Would you briefly tell us who you are?
I’m a simple lady, passionate about engineering and how it impacts our way of life.

Education is a long demanding process, how did you make it to the level you are in?
Hard work, diligence and focus on the end game.

People are inspired by different things to pursue the careers they are in. What motivated you to do engineering?
I saw an opportunity in the industry, it is very vibrant and I am curious and passionate to add to that vibrancy, I chose to study Civil Engineering. 

Ladies face different obstacles while striving for excellence. What are the greatest challenges you encounter while pursuing engineering?
Studying engineering is very demanding, the heavy workload and balancing studies with leadership is a challenge. The challenges I face while studying engineering are not gender specific; they are challenges faced by my male counterparts in equal measure.

Engineering has an integral role towards a country achieving its development goals, what roles  do you see engineering playing in the next 5 or 10 years towards attaining vision 2030?

There’s no doubt that engineering drives the economy, we engineers barely make noise about it but for sure we are at the heart of vision 2030. I see engineering at the center of it all, improving the quality of life, transforming the systems in the country through innovation and technological advancements, the list can’t be exhausted and knowing that as ESA we visit High schools occasionally to encourage students to take up engineering courses because the country needs engineers.

Let’s talk about ESA, what is the vision, mission and objective of this association you now head?
ESA is a professional body in the school of engineering that brings together engineering students.
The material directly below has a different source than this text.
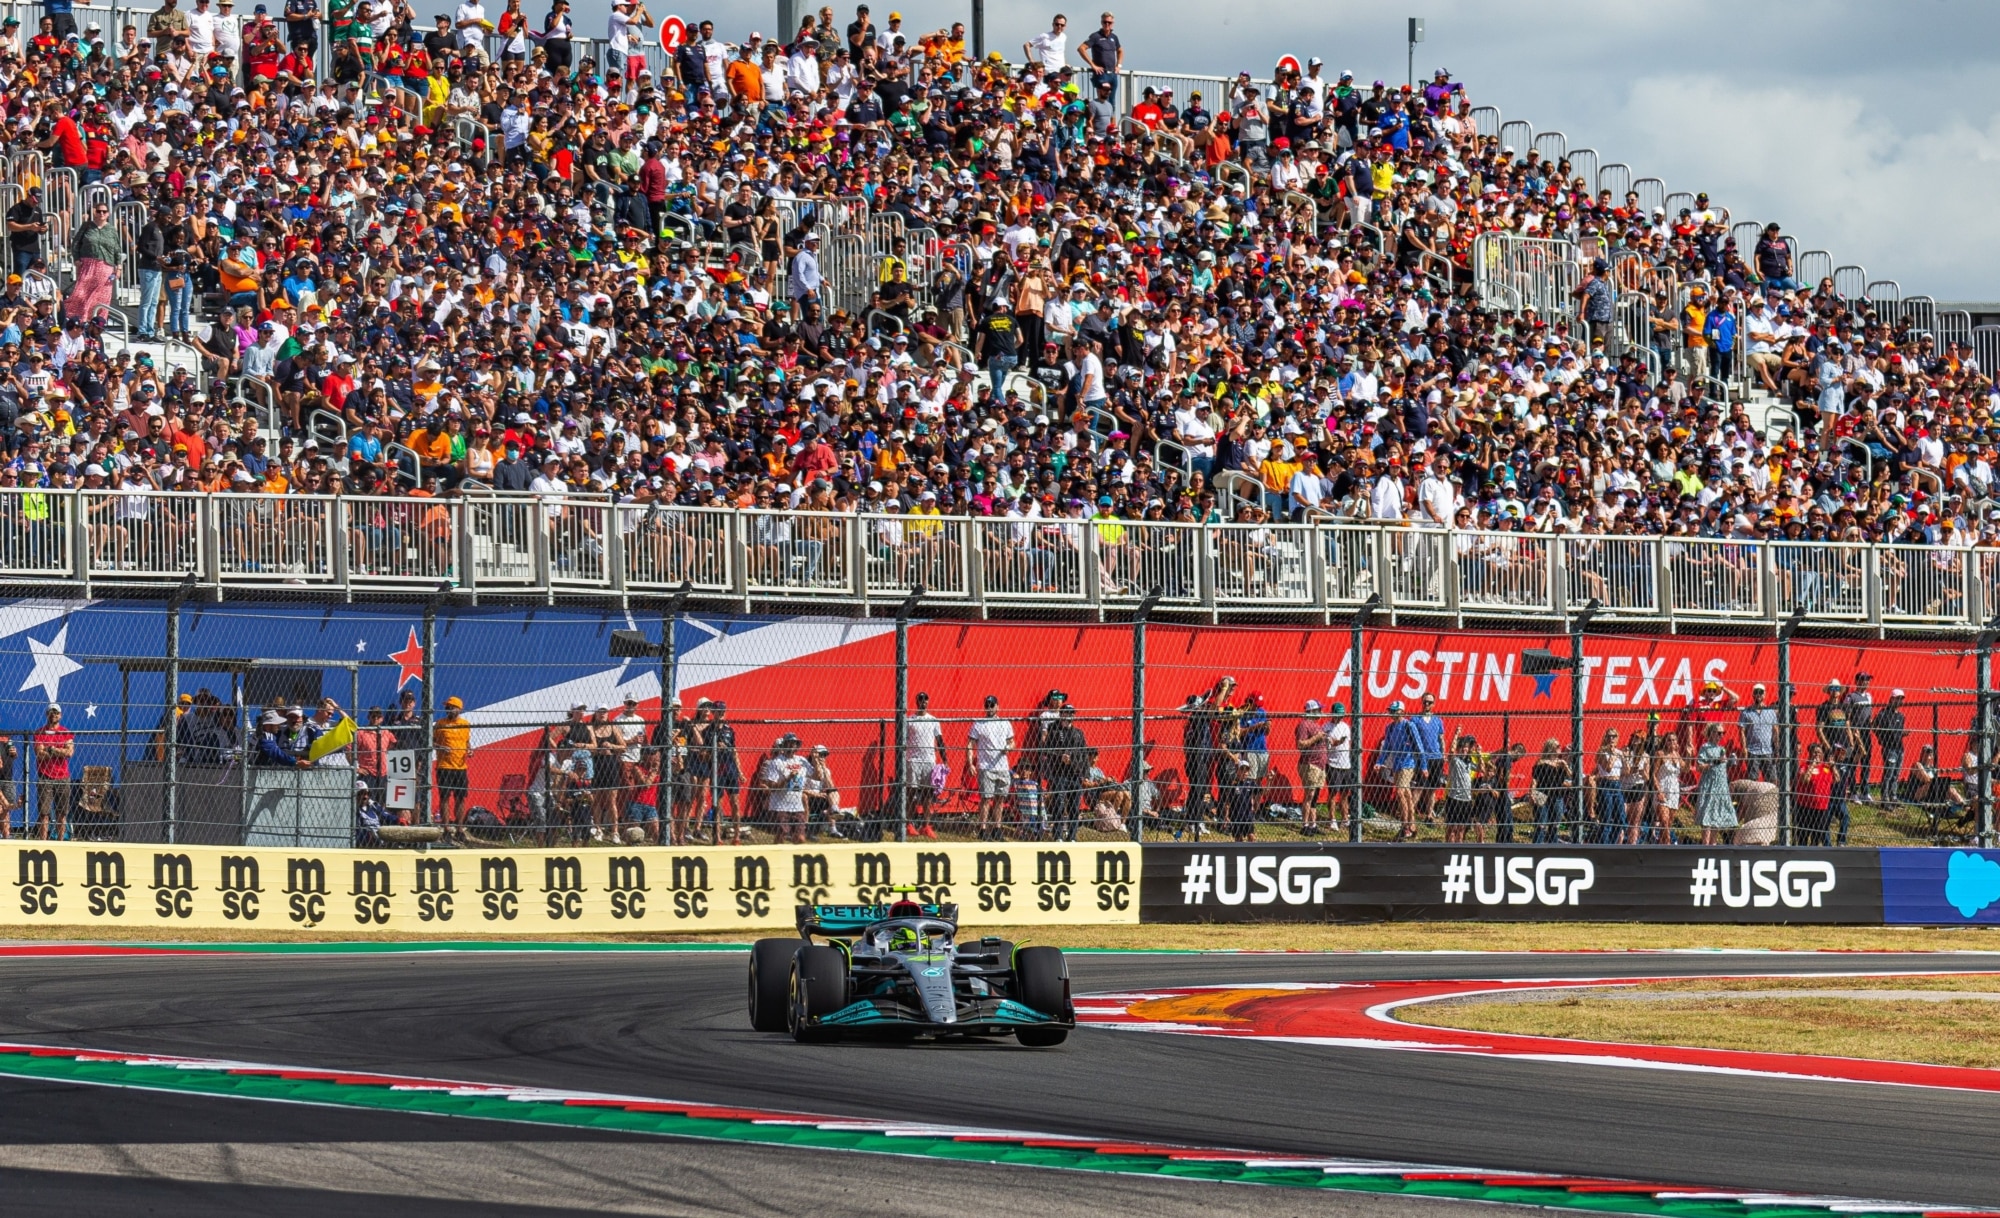 Five Best Formula One Grand Prix Events to attend in 2023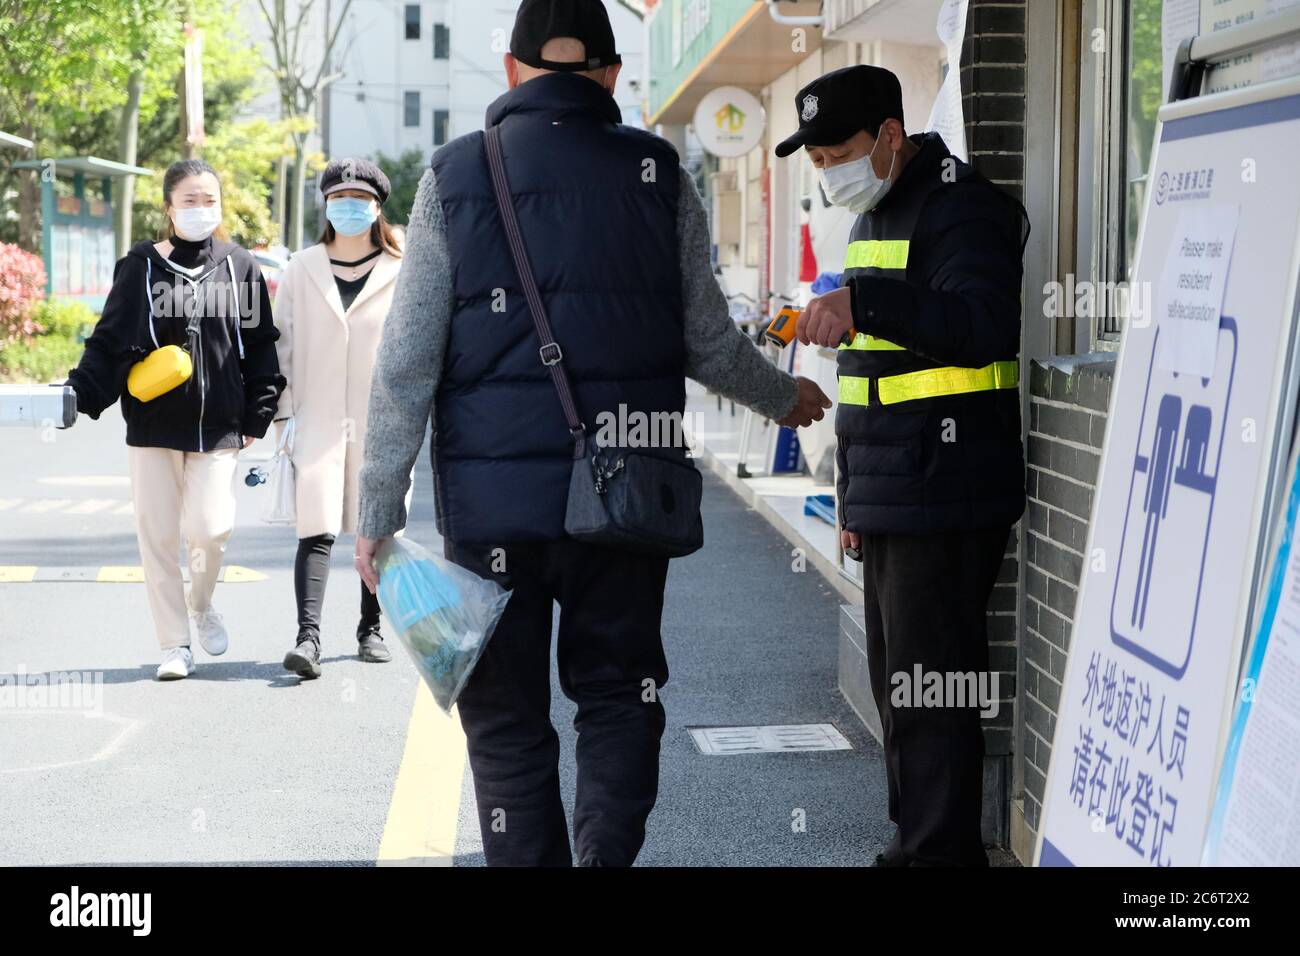 To prevent and control coronavirus, community worker taking temperature of resident at entrance. Stock Photo

The main objective of ESA is to promote academic welfare of its members as well as bridge the gap between industry players and students through partnerships with organizations in ways that benefit the University of Nairobi Student populace.
We envision an all rounded engineering student who has the confidence to use their academic knowledge, talents and skills to make a better Kenya through the platform we provide as an association

What are some of the roles you see yourself playing as ESA chair-lady?
As the chair I am obliged to ensure the association is managed effectively and the objectives and visions are attained. 

What changes will you bring among student engineers that will be different from your predecessors?

I envision a body that creates more opportunities for students to tap into their talents, passions, ideas and have a better understanding of the industry; how it works and what it demands of them as student engineers.

Tell us about you… what do you do during your ‘me’ time?

I like reading motivational books; they keep me going. Hiking; it improves my endurance. Mentoring younger people; it keeps me on track.

What is your advice and parting shot to the young people who are aspiring to be engineers and especially to the ladies?

Be wise, confident and aggressive, it’s a tough world but you have to gather all the courage to face it all. Many people rely on networks and connections to make it out there, that’s okay but remember people might fail you but your passion will never fail you.
Young people and especially engineers are indispensable in the realization of vision 2030 and therefore hard work, diligence and broadening your knowledge beyond your curriculum is very vital.